ASSIGNED TASK> Please go line by line and repeat the data below exactly, with no images.

== INFORMATION SHOWN

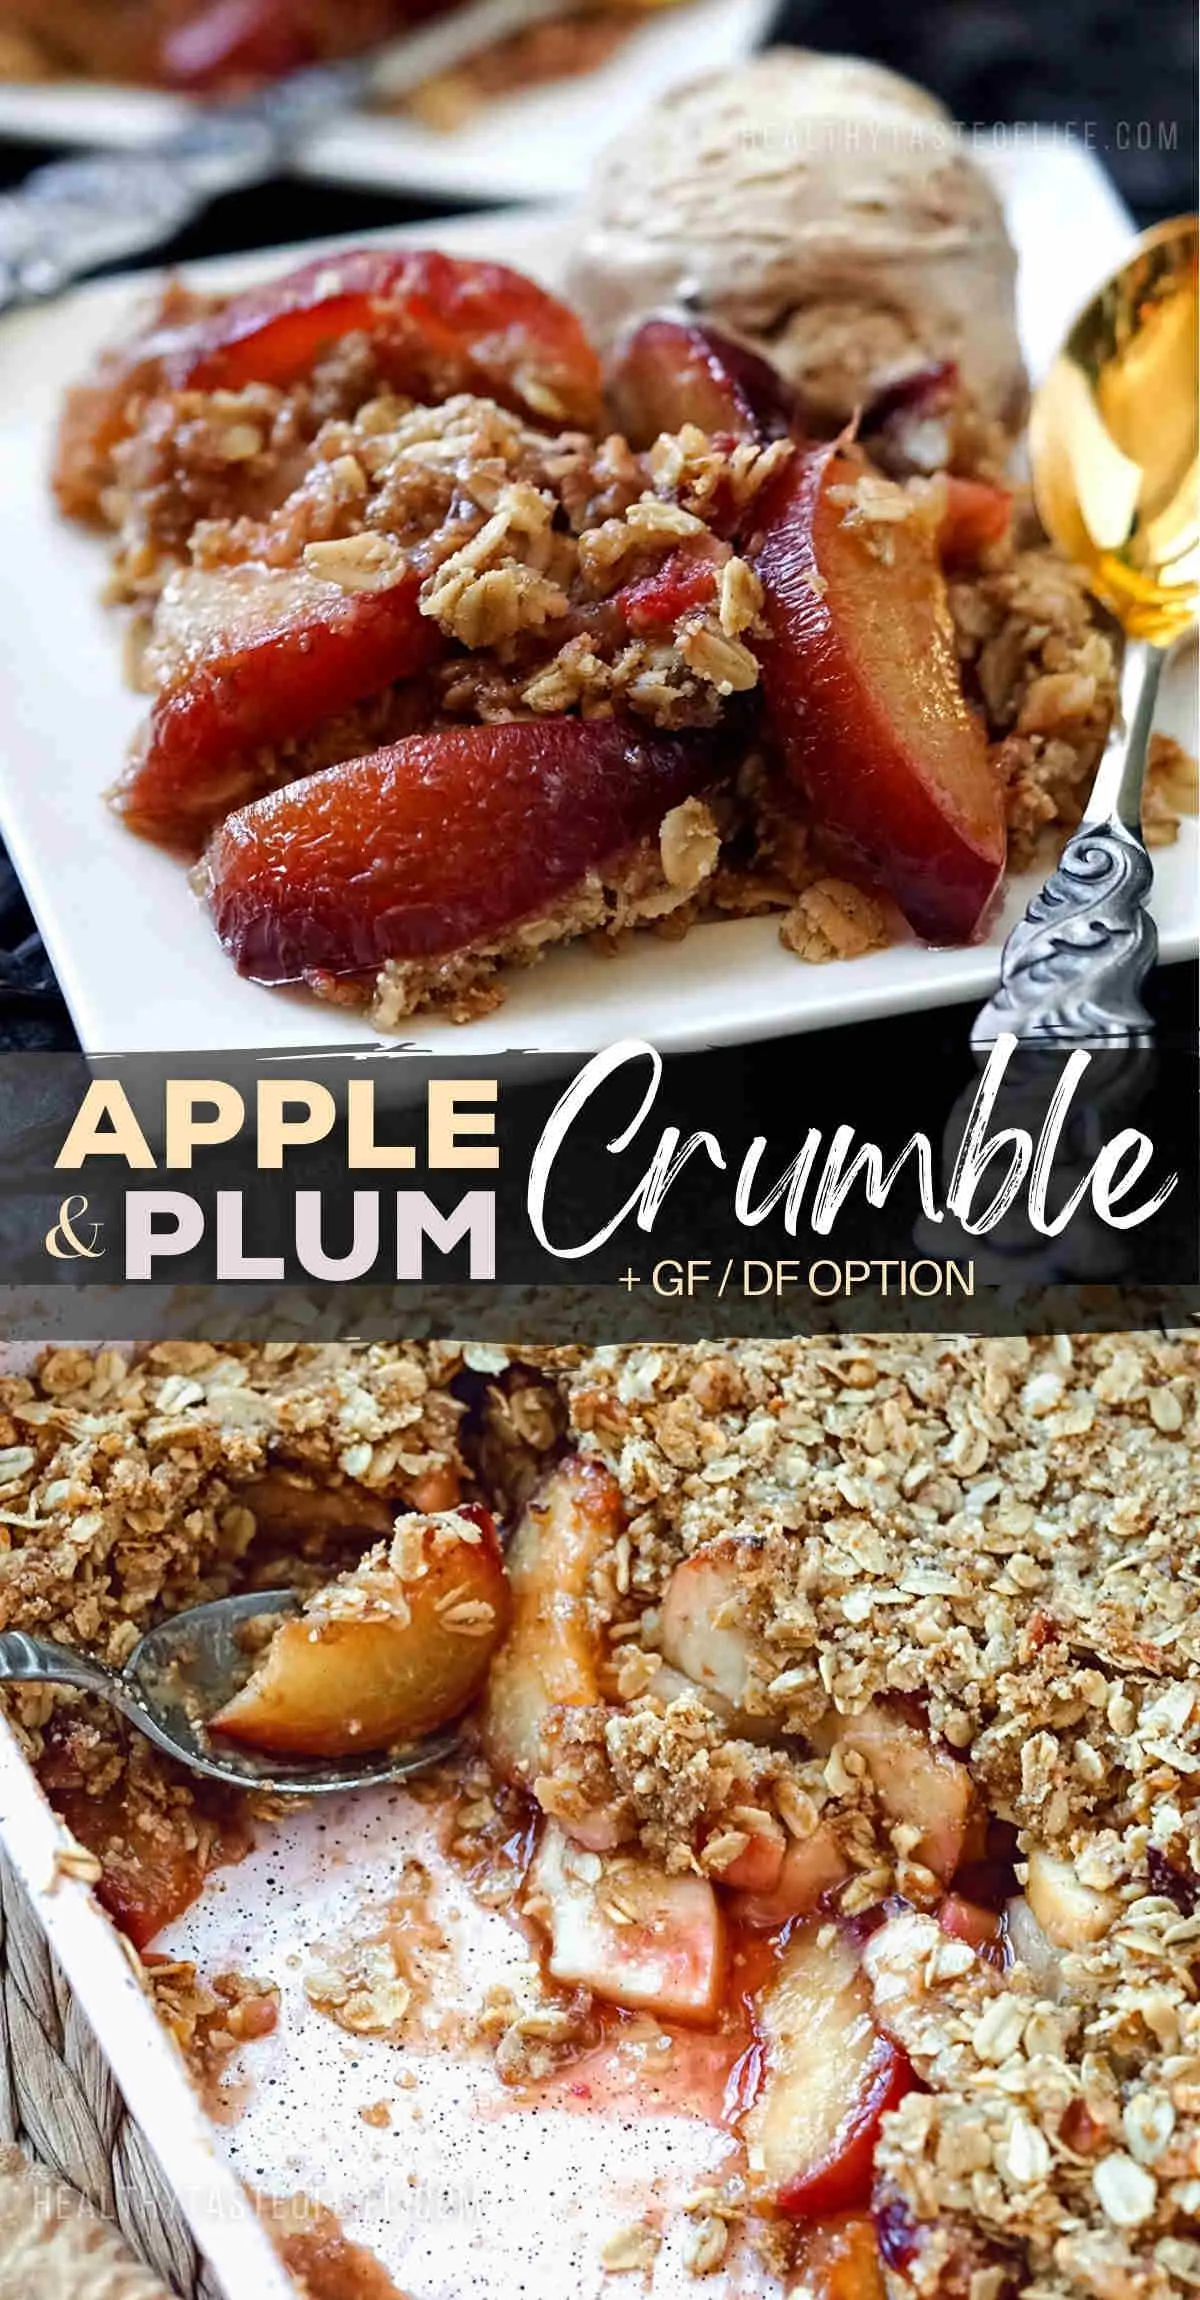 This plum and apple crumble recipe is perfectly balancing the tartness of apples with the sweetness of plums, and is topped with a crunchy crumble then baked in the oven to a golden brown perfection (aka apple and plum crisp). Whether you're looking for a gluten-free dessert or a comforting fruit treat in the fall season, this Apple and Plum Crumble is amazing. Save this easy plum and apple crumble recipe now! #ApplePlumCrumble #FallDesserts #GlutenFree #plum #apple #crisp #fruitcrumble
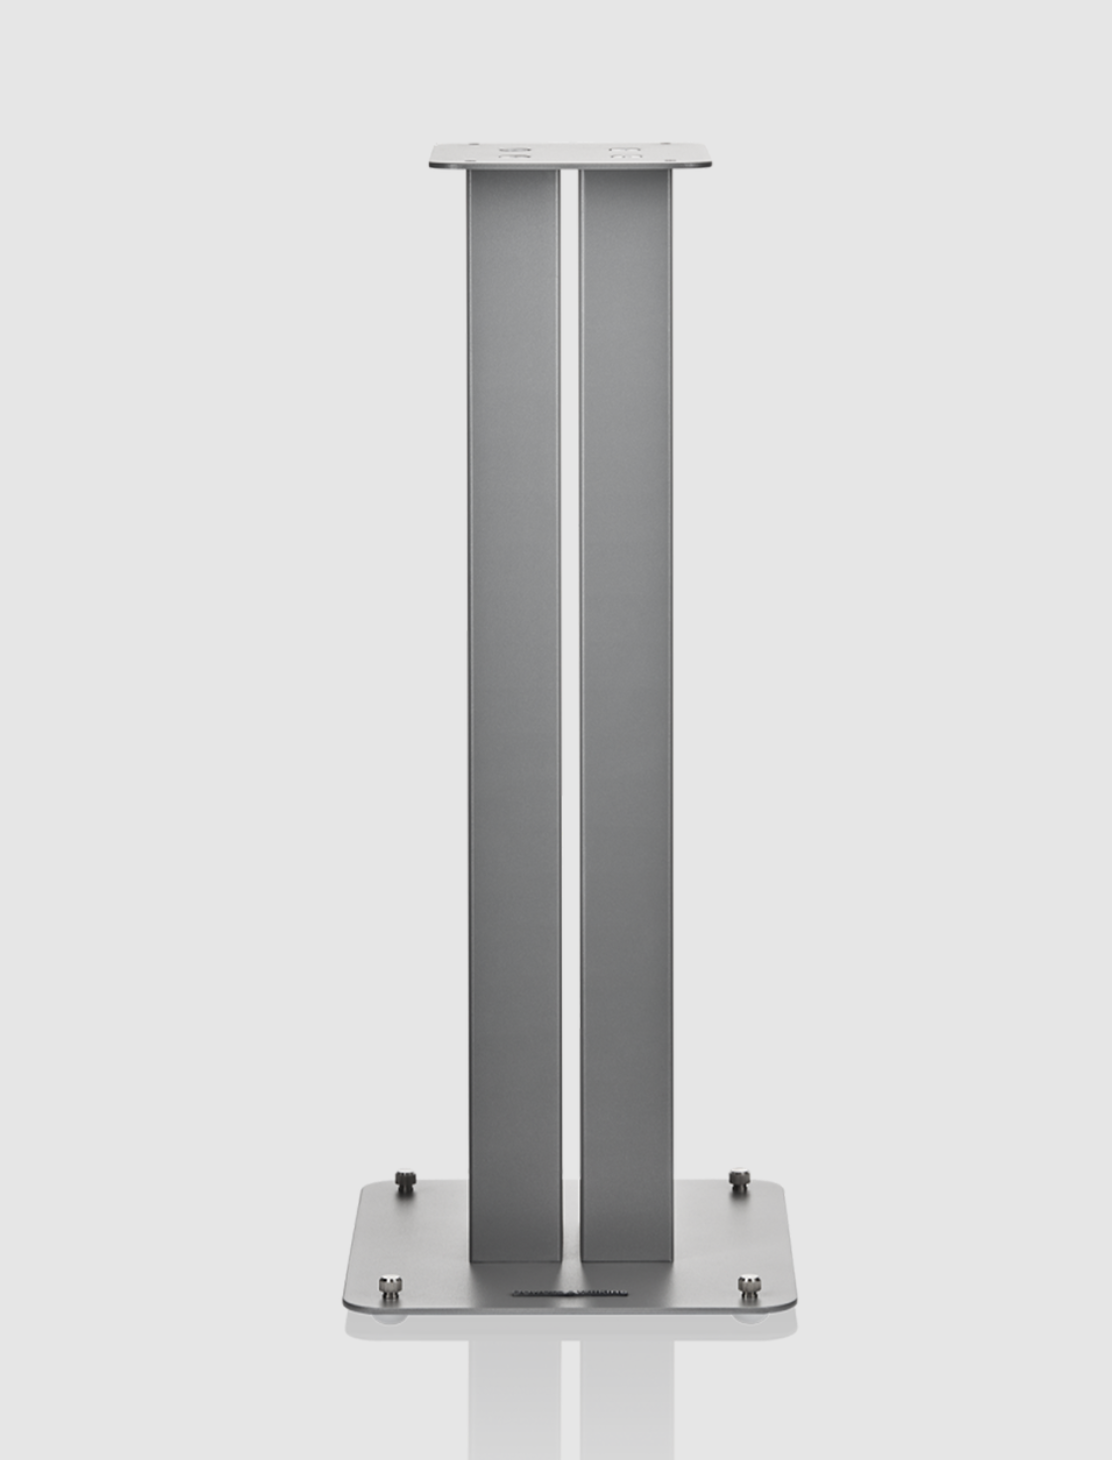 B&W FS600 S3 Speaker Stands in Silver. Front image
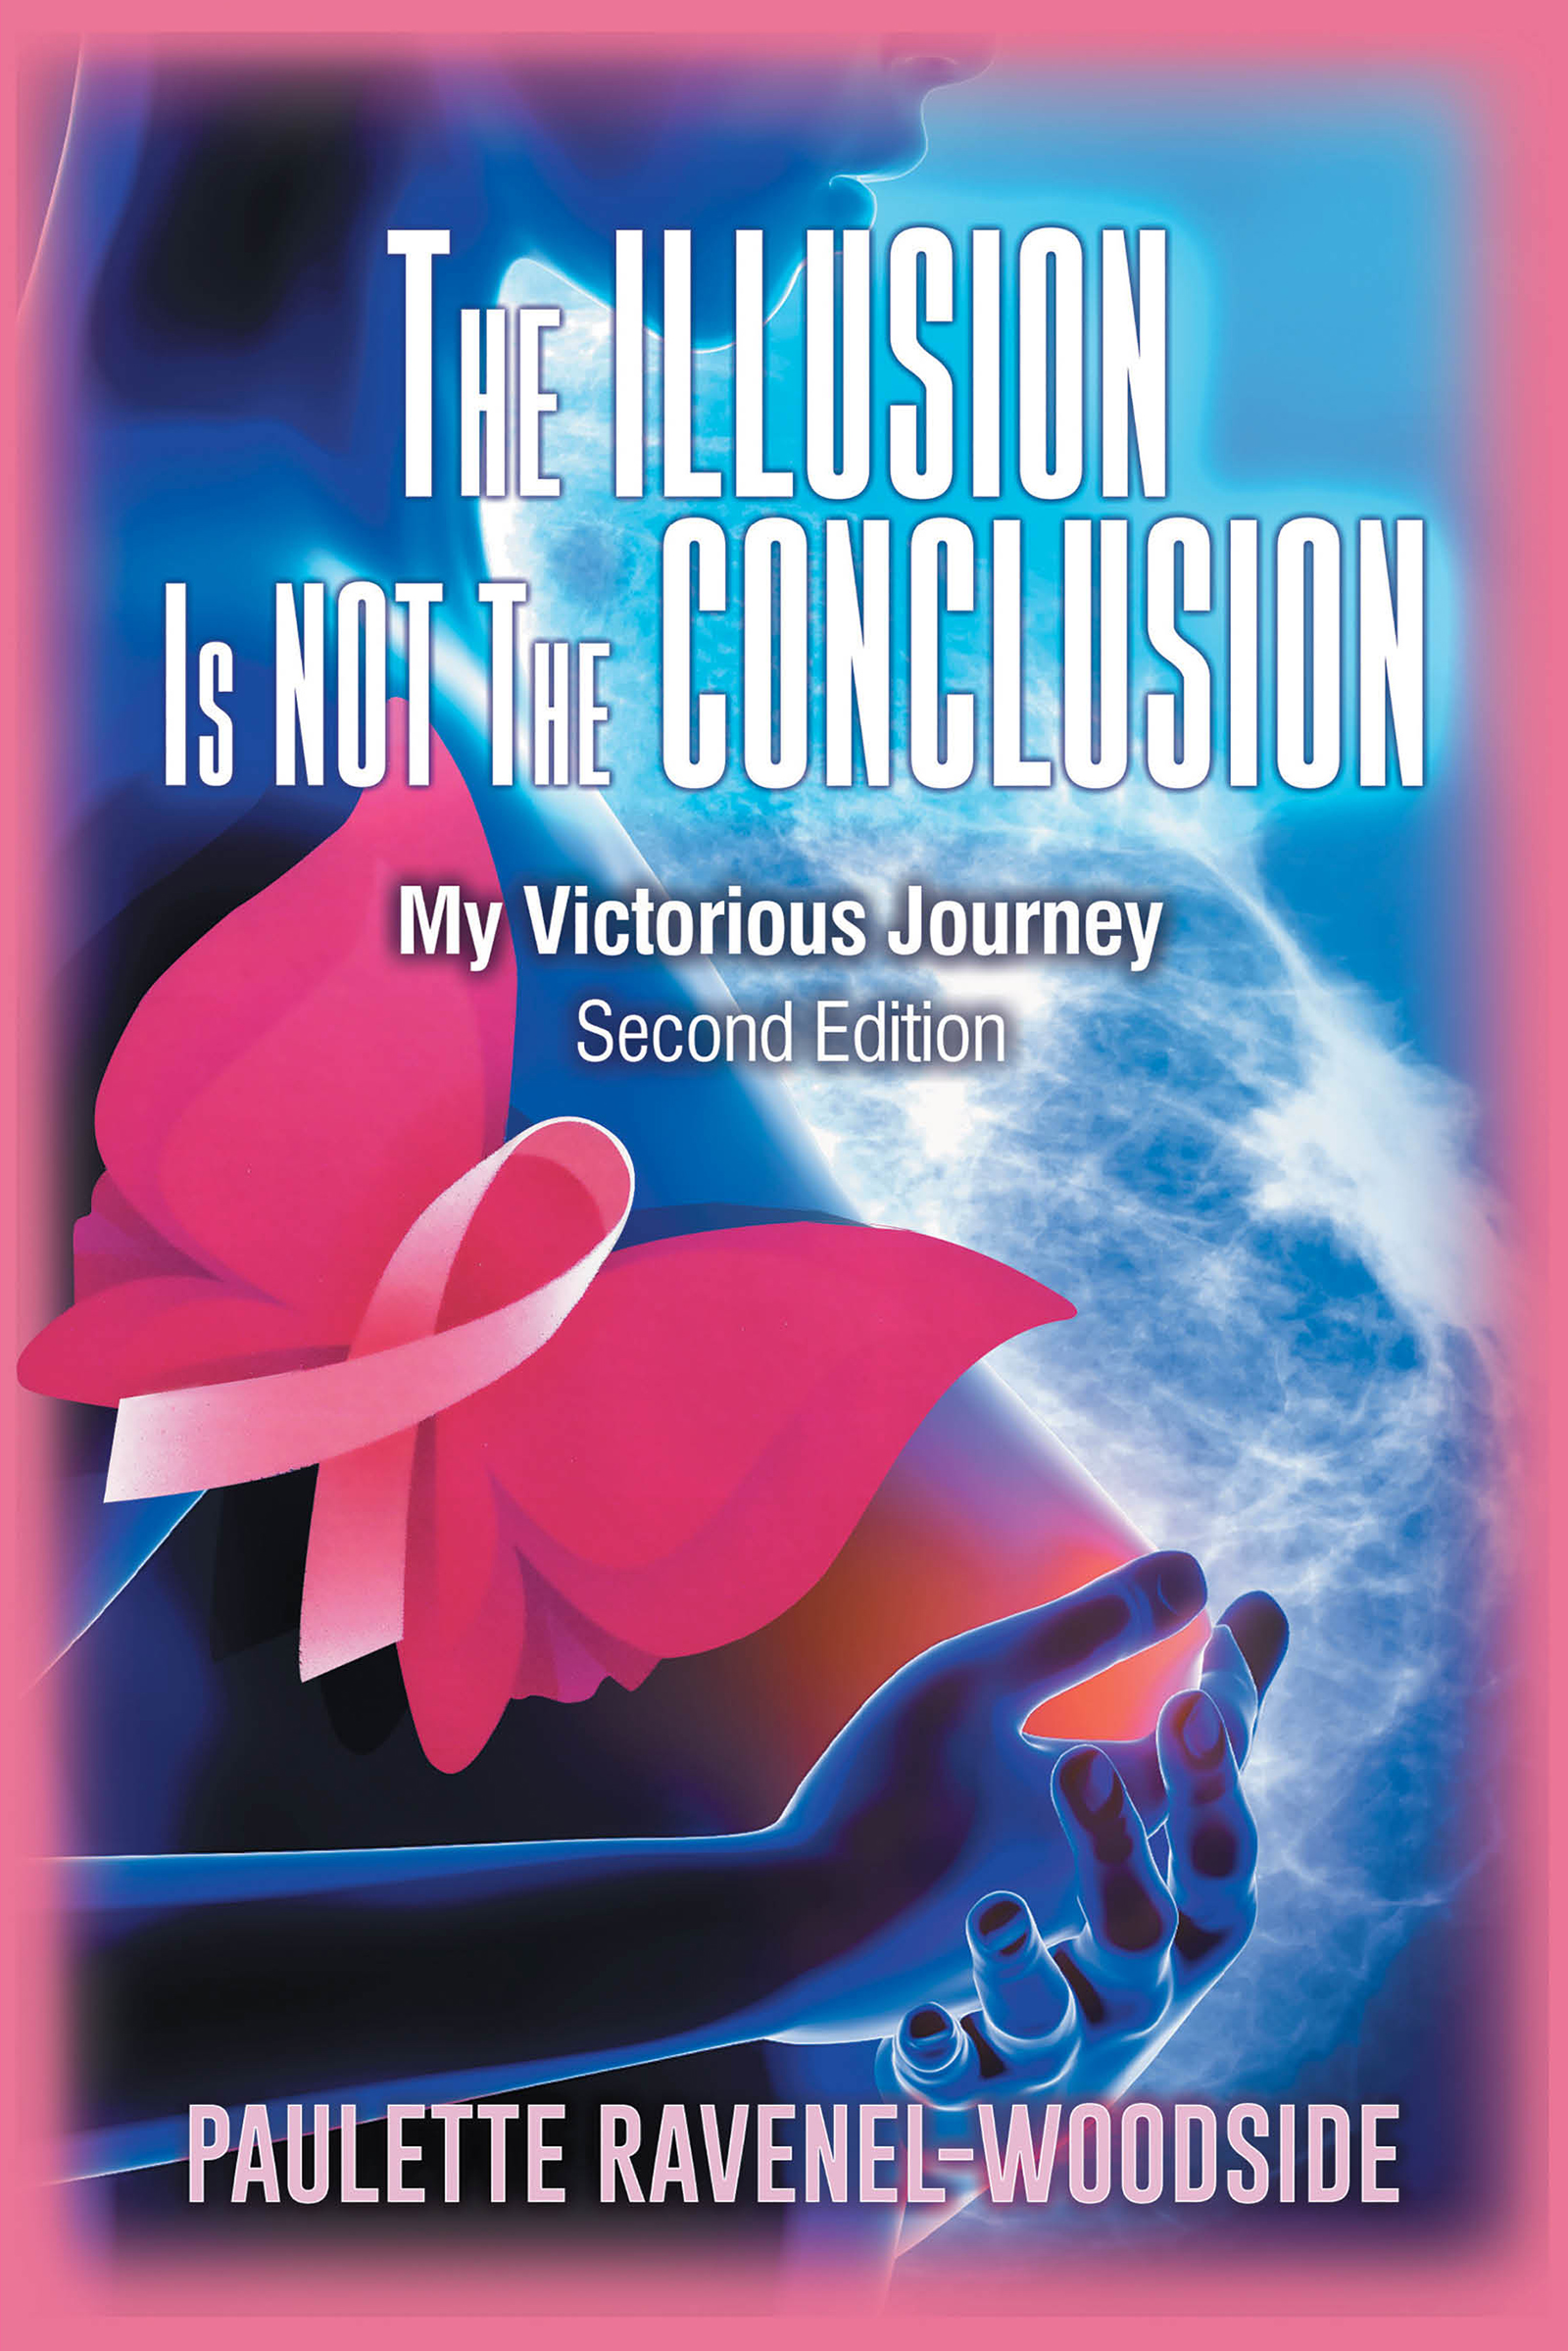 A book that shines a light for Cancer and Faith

====

EXERCISE OUTPUT>
 This plum and apple crumble recipe is perfectly balancing the tartness of apples with the sweetness of plums, and is topped with a crunchy crumble then baked in the oven to a golden brown perfection (aka apple and plum crisp). Whether you're looking for a gluten-free dessert or a comforting fruit treat in the fall season, this Apple and Plum Crumble is amazing. Save this easy plum and apple crumble recipe now! #ApplePlumCrumble #FallDesserts #GlutenFree #plum #apple #crisp #fruitcrumble
 B&W FS600 S3 Speaker Stands in Silver. Front image
 A book that shines a light for Cancer and Faith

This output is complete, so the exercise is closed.